Work instruction » In full and without deviation, reproduce the records that follow.
------------------------------------------------
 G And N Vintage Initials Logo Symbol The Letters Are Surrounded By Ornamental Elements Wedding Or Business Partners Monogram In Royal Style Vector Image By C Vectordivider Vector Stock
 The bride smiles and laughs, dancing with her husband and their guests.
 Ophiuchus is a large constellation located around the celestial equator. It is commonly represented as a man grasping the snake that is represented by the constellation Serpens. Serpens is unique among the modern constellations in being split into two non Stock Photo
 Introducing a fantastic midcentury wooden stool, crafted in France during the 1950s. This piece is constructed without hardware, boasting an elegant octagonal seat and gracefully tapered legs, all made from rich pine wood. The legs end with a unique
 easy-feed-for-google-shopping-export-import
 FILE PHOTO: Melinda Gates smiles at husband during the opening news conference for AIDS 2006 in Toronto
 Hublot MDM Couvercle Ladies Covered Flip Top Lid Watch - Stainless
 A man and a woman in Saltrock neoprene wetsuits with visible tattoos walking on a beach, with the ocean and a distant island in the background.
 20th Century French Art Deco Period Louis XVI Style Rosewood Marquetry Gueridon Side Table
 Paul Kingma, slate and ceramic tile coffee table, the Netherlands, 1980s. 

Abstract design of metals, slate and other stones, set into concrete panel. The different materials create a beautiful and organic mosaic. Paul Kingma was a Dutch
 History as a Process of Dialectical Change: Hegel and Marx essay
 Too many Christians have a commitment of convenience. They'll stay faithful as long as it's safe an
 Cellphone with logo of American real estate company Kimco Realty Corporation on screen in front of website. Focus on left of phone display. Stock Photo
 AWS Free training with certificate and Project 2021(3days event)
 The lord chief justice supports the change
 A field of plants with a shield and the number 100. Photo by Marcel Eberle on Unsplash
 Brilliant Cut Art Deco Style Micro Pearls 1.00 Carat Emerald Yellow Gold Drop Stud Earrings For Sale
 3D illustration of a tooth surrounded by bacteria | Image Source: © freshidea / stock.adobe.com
------------------------------------------------
Written reply »
 G And N Vintage Initials Logo Symbol The Letters Are Surrounded By Ornamental Elements Wedding Or Business Partners Monogram In Royal Style Vector Image By C Vectordivider Vector Stock
 The bride smiles and laughs, dancing with her husband and their guests.
 Ophiuchus is a large constellation located around the celestial equator. It is commonly represented as a man grasping the snake that is represented by the constellation Serpens. Serpens is unique among the modern constellations in being split into two non Stock Photo
 Introducing a fantastic midcentury wooden stool, crafted in France during the 1950s. This piece is constructed without hardware, boasting an elegant octagonal seat and gracefully tapered legs, all made from rich pine wood. The legs end with a unique
 easy-feed-for-google-shopping-export-import
 FILE PHOTO: Melinda Gates smiles at husband during the opening news conference for AIDS 2006 in Toronto
 Hublot MDM Couvercle Ladies Covered Flip Top Lid Watch - Stainless
 A man and a woman in Saltrock neoprene wetsuits with visible tattoos walking on a beach, with the ocean and a distant island in the background.
 20th Century French Art Deco Period Louis XVI Style Rosewood Marquetry Gueridon Side Table
 Paul Kingma, slate and ceramic tile coffee table, the Netherlands, 1980s. 

Abstract design of metals, slate and other stones, set into concrete panel. The different materials create a beautiful and organic mosaic. Paul Kingma was a Dutch
 History as a Process of Dialectical Change: Hegel and Marx essay
 Too many Christians have a commitment of convenience. They'll stay faithful as long as it's safe an
 Cellphone with logo of American real estate company Kimco Realty Corporation on screen in front of website. Focus on left of phone display. Stock Photo
 AWS Free training with certificate and Project 2021(3days event)
 The lord chief justice supports the change
 A field of plants with a shield and the number 100. Photo by Marcel Eberle on Unsplash
 Brilliant Cut Art Deco Style Micro Pearls 1.00 Carat Emerald Yellow Gold Drop Stud Earrings For Sale
 3D illustration of a tooth surrounded by bacteria | Image Source: © freshidea / stock.adobe.com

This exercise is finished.